RECORDED DATA
☆ ☆ ☆ ☆ ☆ ☆ ☆

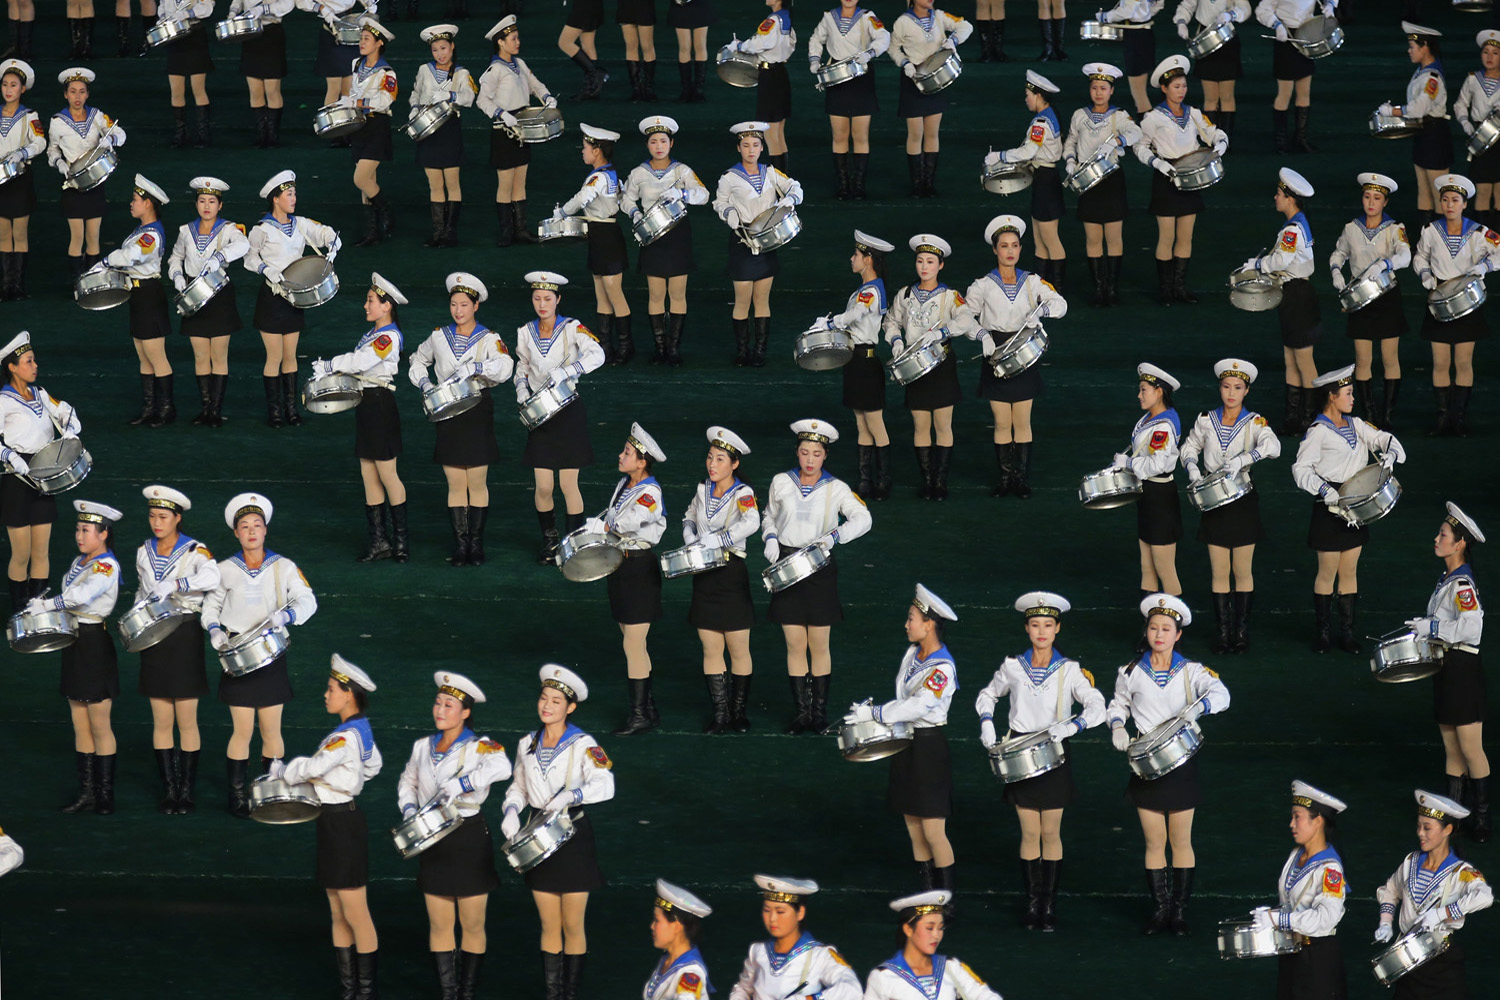 Performers participate in the Arirang mass games in Pyongyang, Jul. 22, 2013. The performance is timed for the 60th anniversary of the end of the Korean War and featured new scenes focusing on Kim Jong Un's directives.
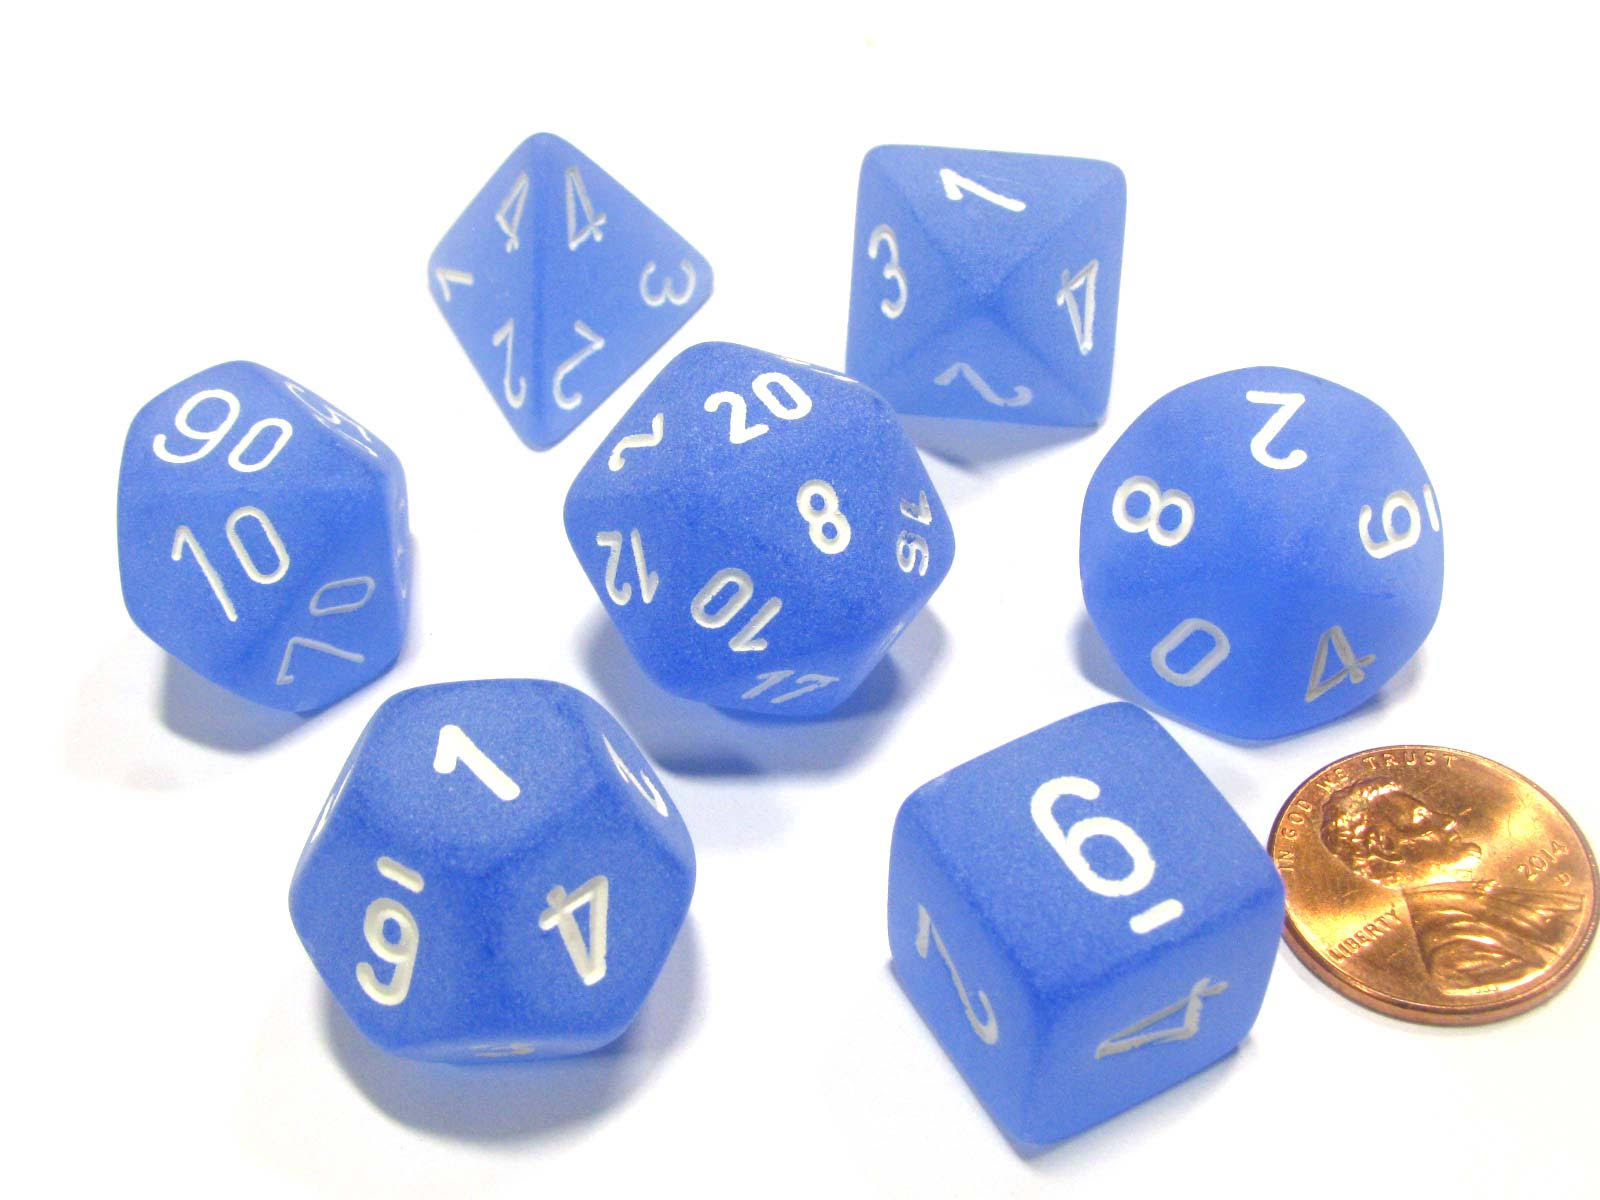 CHESSEX - Dice - 7 Die Set - FROSTED - Blue/White
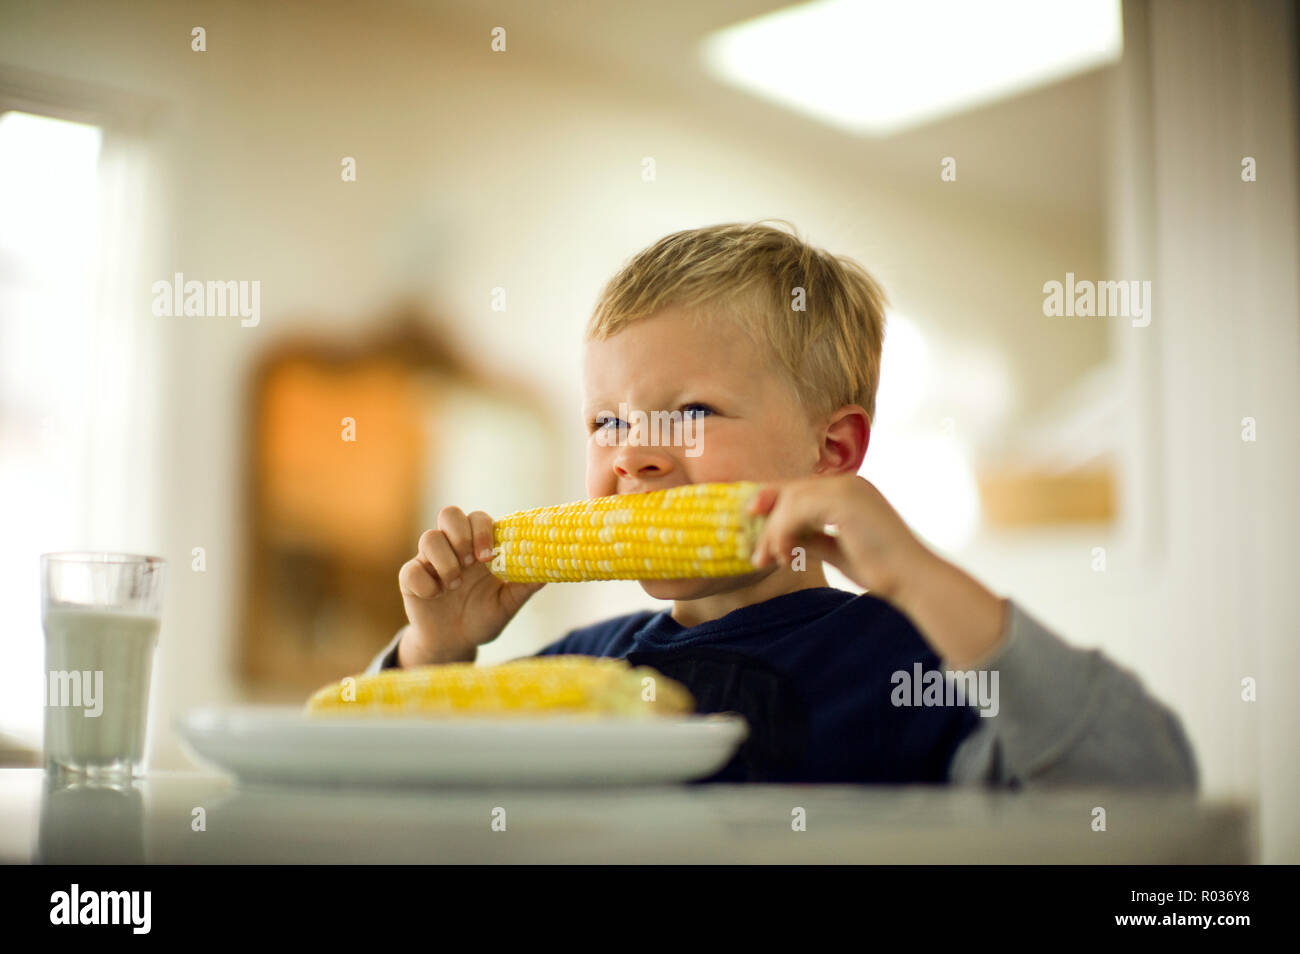 Young boy takes a bite from a cob of sweetcorn as he sits at a dining table. Stock Photo

☆ ☆ ☆ ☆ ☆ ☆ ☆

YOUR GOAL
Only the pictures stay out; everything else in the listing above must be repeated exactly.

RESULT FOR THIS EXERCISE
 Performers participate in the Arirang mass games in Pyongyang, Jul. 22, 2013. The performance is timed for the 60th anniversary of the end of the Korean War and featured new scenes focusing on Kim Jong Un's directives.
 CHESSEX - Dice - 7 Die Set - FROSTED - Blue/White
 Young boy takes a bite from a cob of sweetcorn as he sits at a dining table. Stock Photo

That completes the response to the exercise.